To test our first and second hypotheses, maximum bite forces were simulated. In order to obtain maximum bite forces that were comparable at each gape, the temporo-mandibular joint (TMJ) was modelled as a revolute joint (only permitting rotation in one degree of freedom). The DGO was set to follow a motion which opened the jaw to a distance of approximately 15.5 mm between the incisors, and then closed it again. Although no in vivo data on squirrel jaw motion during feeding currently exists in the published literature, studies of other rodents [34 (link),35 (link)] suggest that, during the power stroke of incision, mandibular motion is largely constrained to the vertical axis. Thus, the use of a revolute TMJ, producing a simple hinge movement of the mandible, was felt to be a reasonable approximation of incision in the squirrel. By contrast, mastication at the molar teeth in rodents involves a much wider range of highly complex jaw movements in all three axes. Without further experimental information on squirrels, it was felt that maximal molar biting could not be realistically simulated in our MDA models and so was not included in the analyses here (but see section below on non-maximal molar biting).
To simulate a maximum bite force, the translational spring damper was set with a high stiffness in each orthogonal direction, so that the food bolus did not deform. Maximum incisor bite force was calculated using three different sizes of food bolus: 2, 7.5 and 15 mm. The largest bolus size was chosen to represent the approximate diameter of a hazelnut. The smaller sizes are an acknowledgement that squirrels do not generally bite across the widest point of a nut, but rather gnaw with multiple, smaller bites.
In order to investigate how each masticatory muscle contributes to incisor biting, maximum incisor bites were calculated in a series of simulations, whereby in each simulation the activation of each bilateral pair of muscles was set to zero. This represented a ‘virtual ablation’ of each pair of muscles, as has been undertaken previously in finite-element analysis studies (e.g. [13 ,61 (link),62 (link)]).

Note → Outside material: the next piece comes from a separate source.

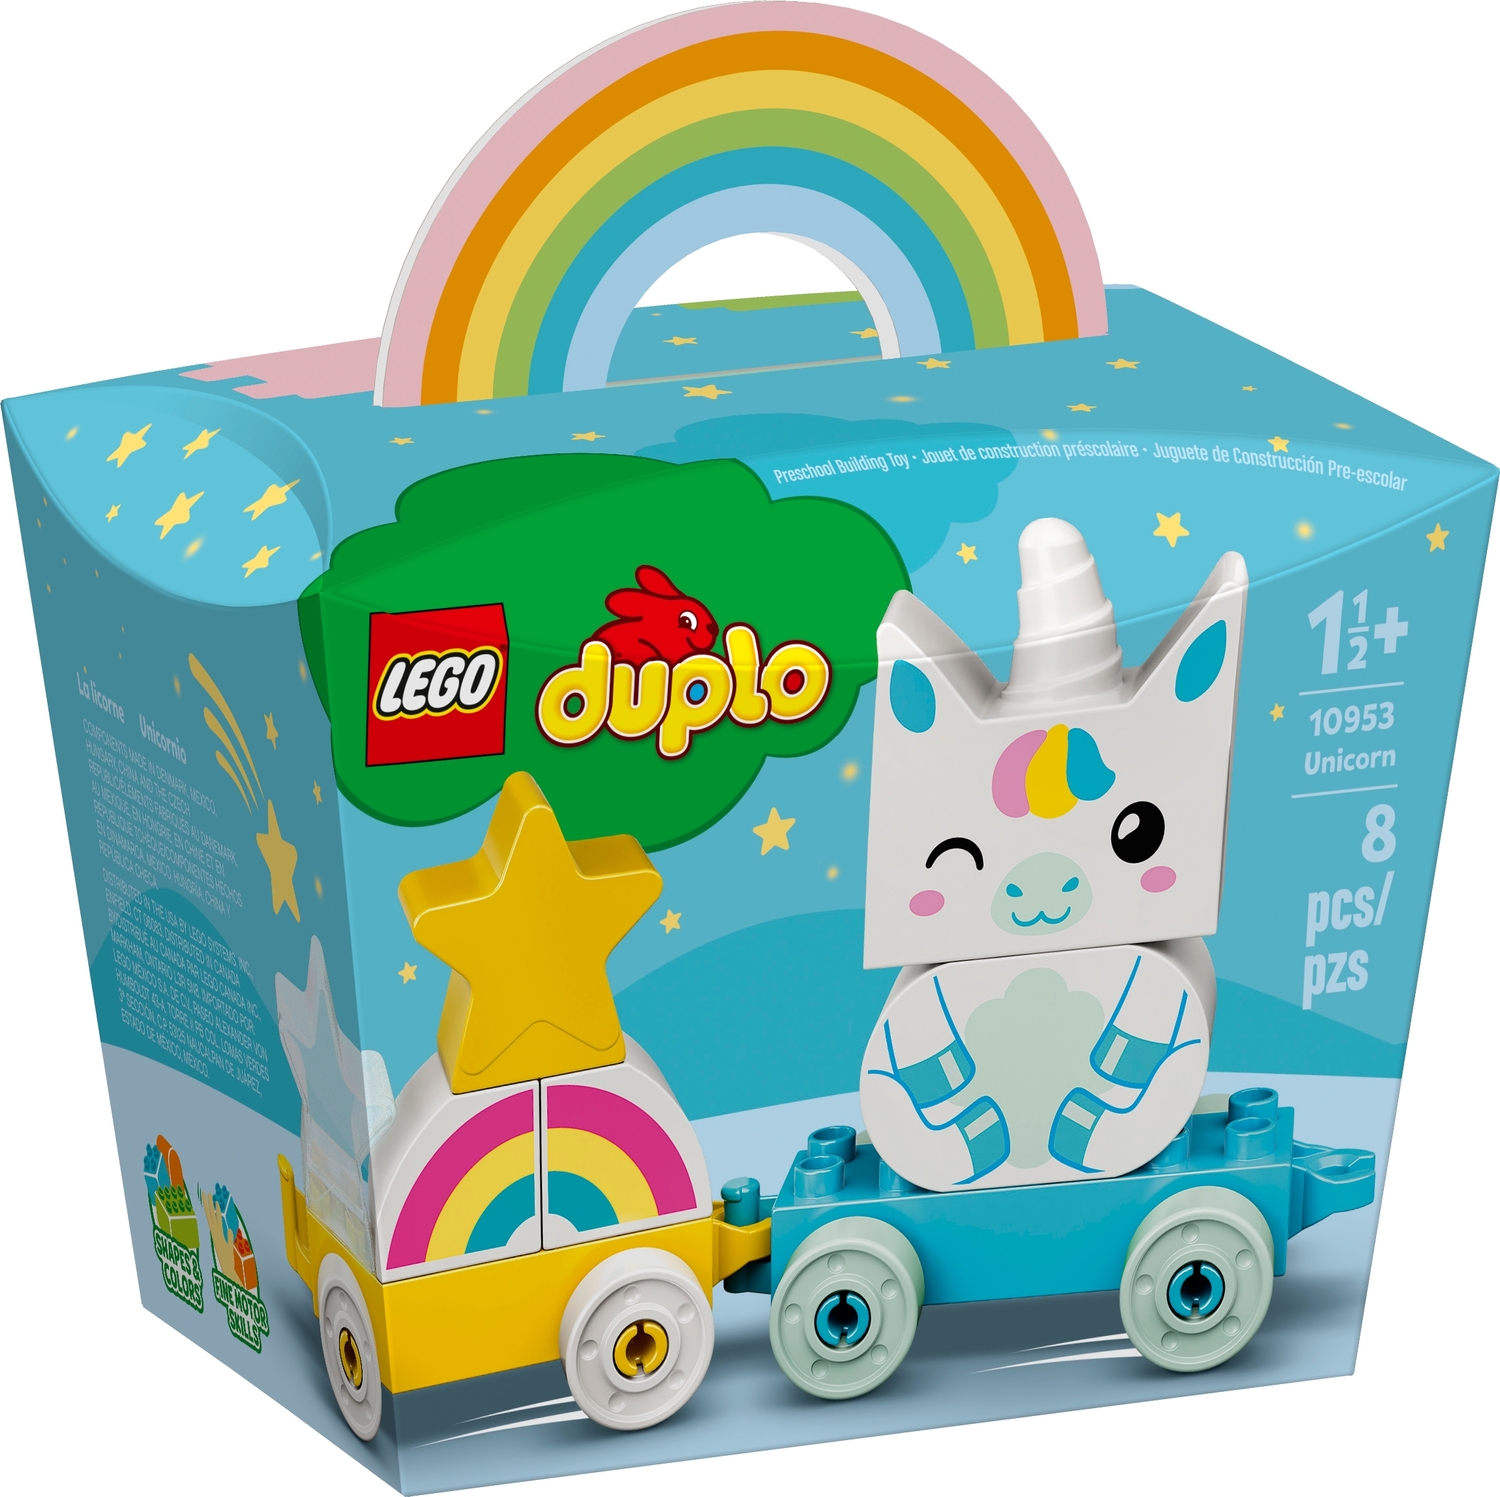 LEGO DUPLO: Unicorn - Imagination Toys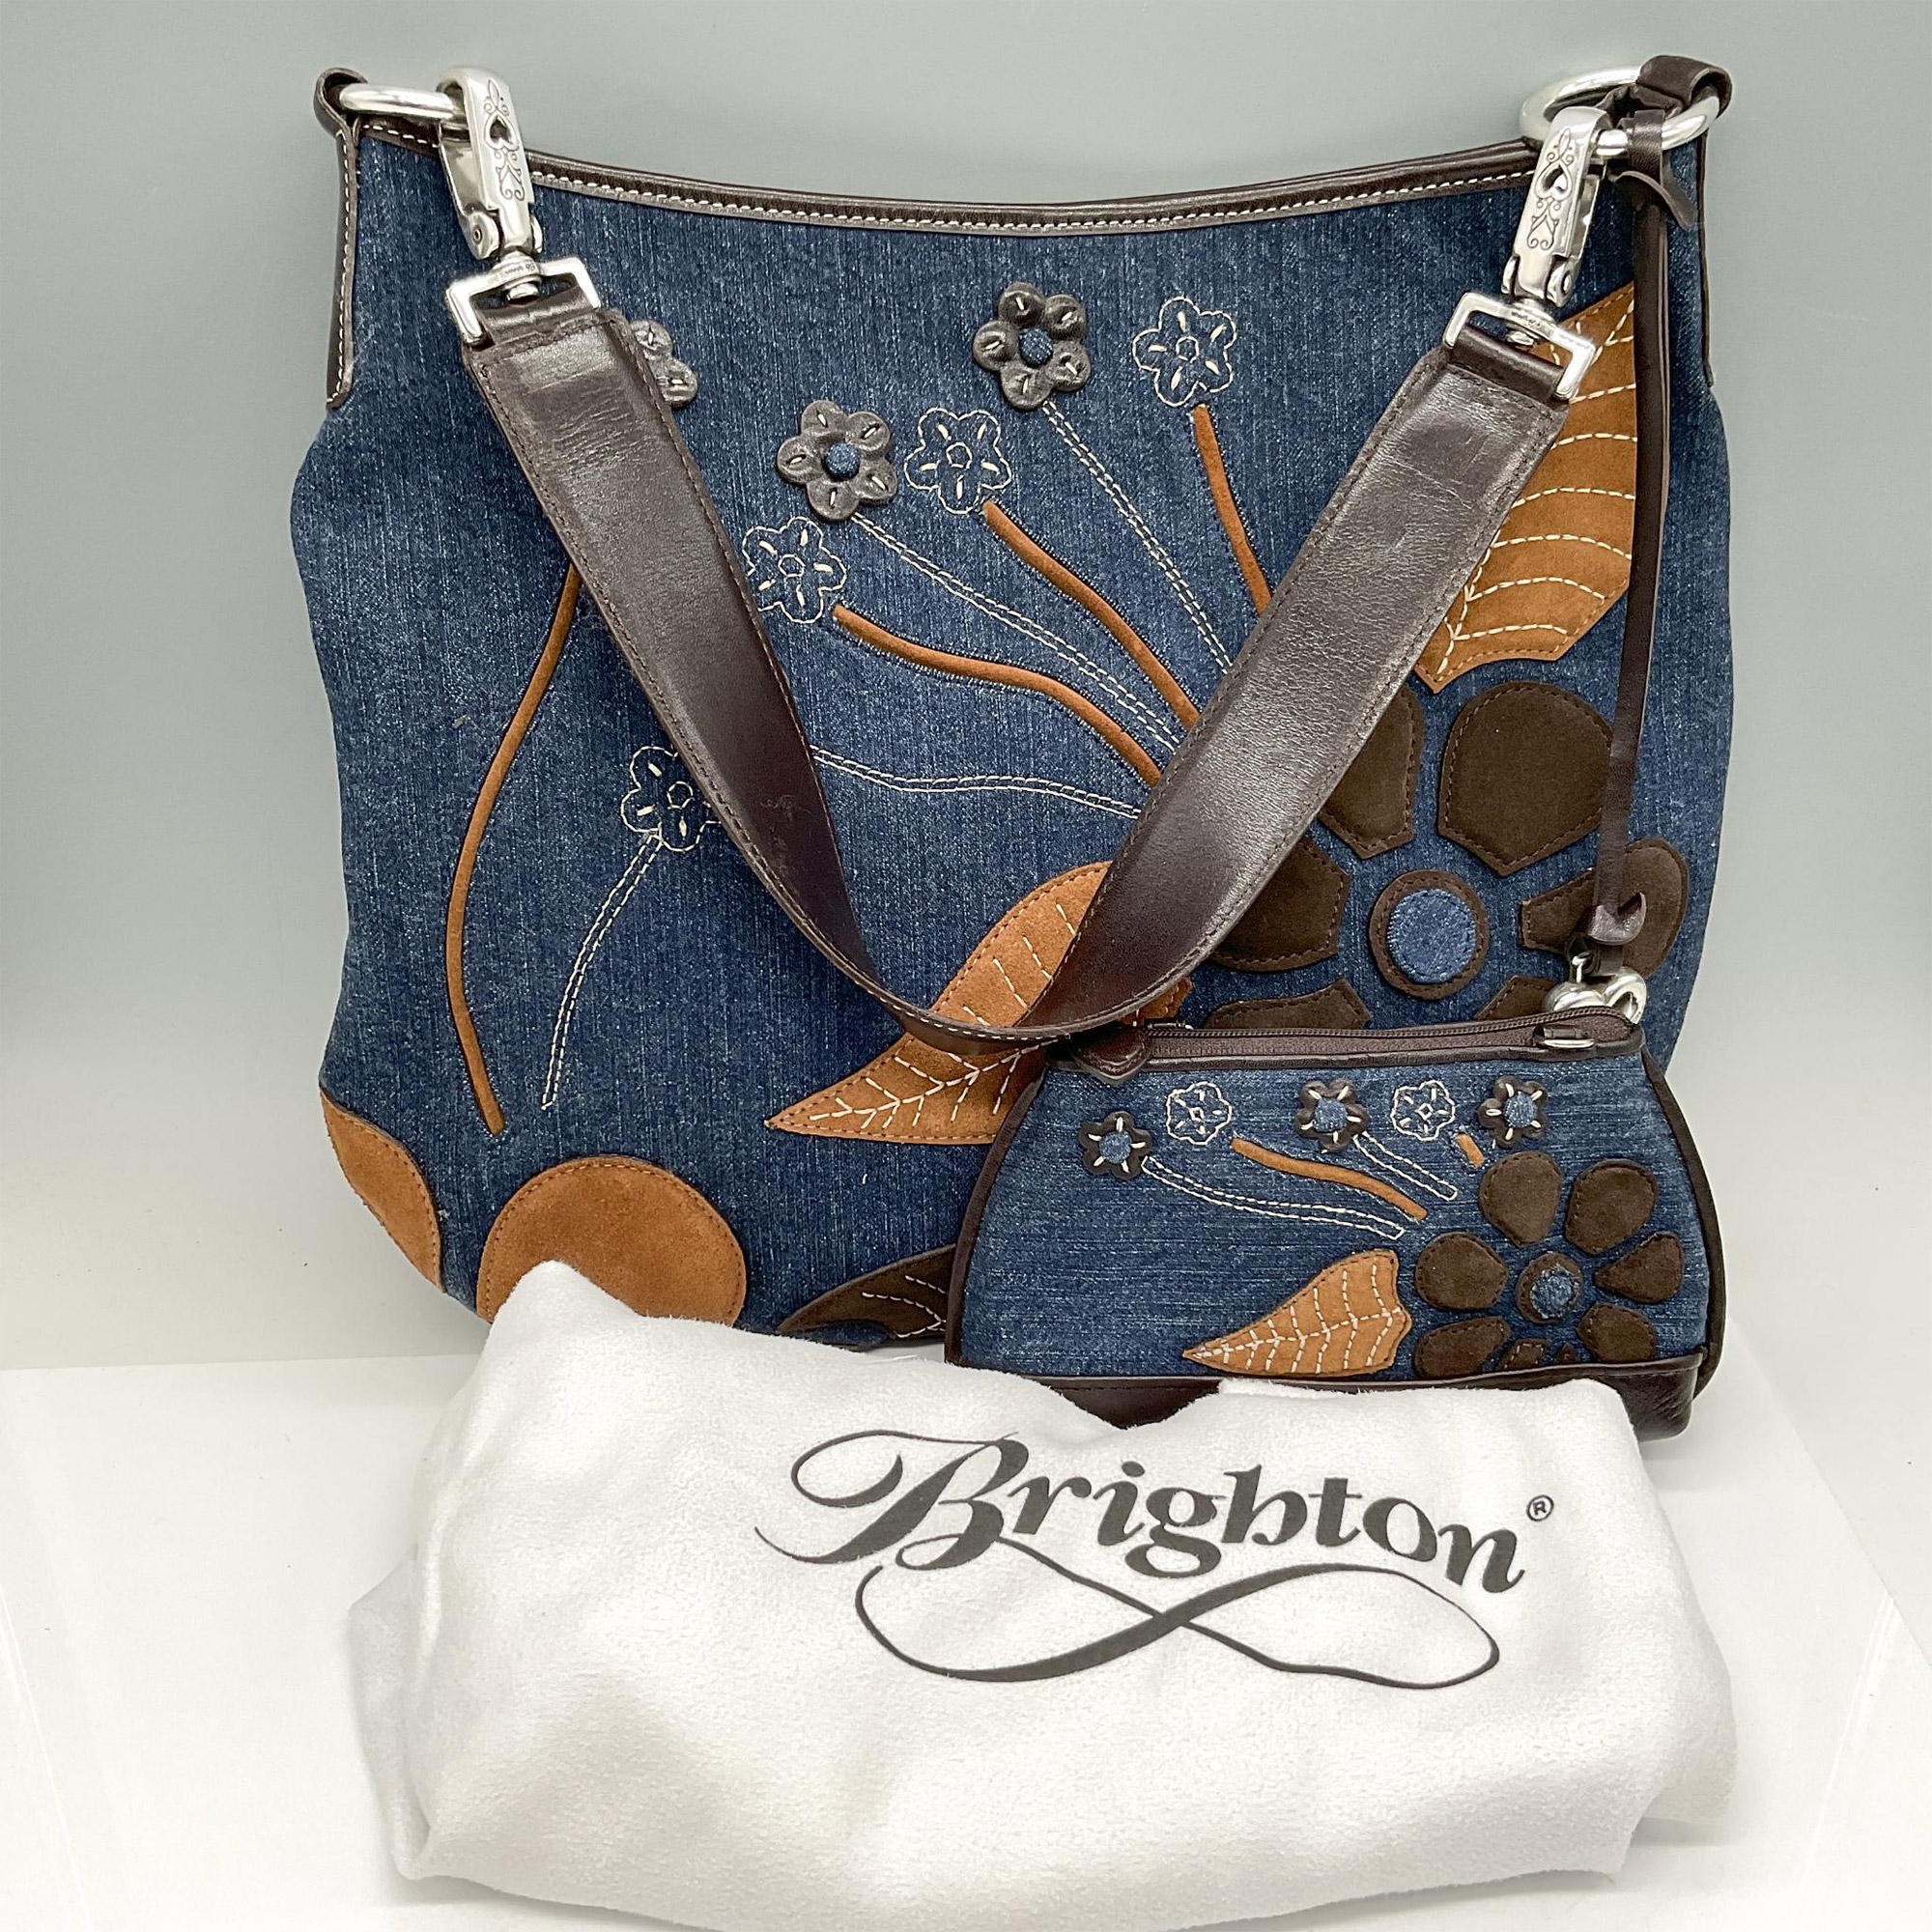 2pc Brighton Denim Shoulder Bag + Wallet - Image 4 of 4

The maximum incisor bite force calculated in each simulation was then used to determine the percentage reduction in force, when compared to the maximum incisor bite force generated with all muscles active. The percentage reduction in bite force was compared across gapes to determine whether each pair of muscles performs better at narrow or wide gapes. In addition, the percentage reduction in bite force was also compared to the muscle's percentage contribution to total adductor force (table 1, as determined from muscle PCSA) to investigate if each muscle ‘overperforms’ or ‘underperforms’ relative to the theoretical maximum force it can produce.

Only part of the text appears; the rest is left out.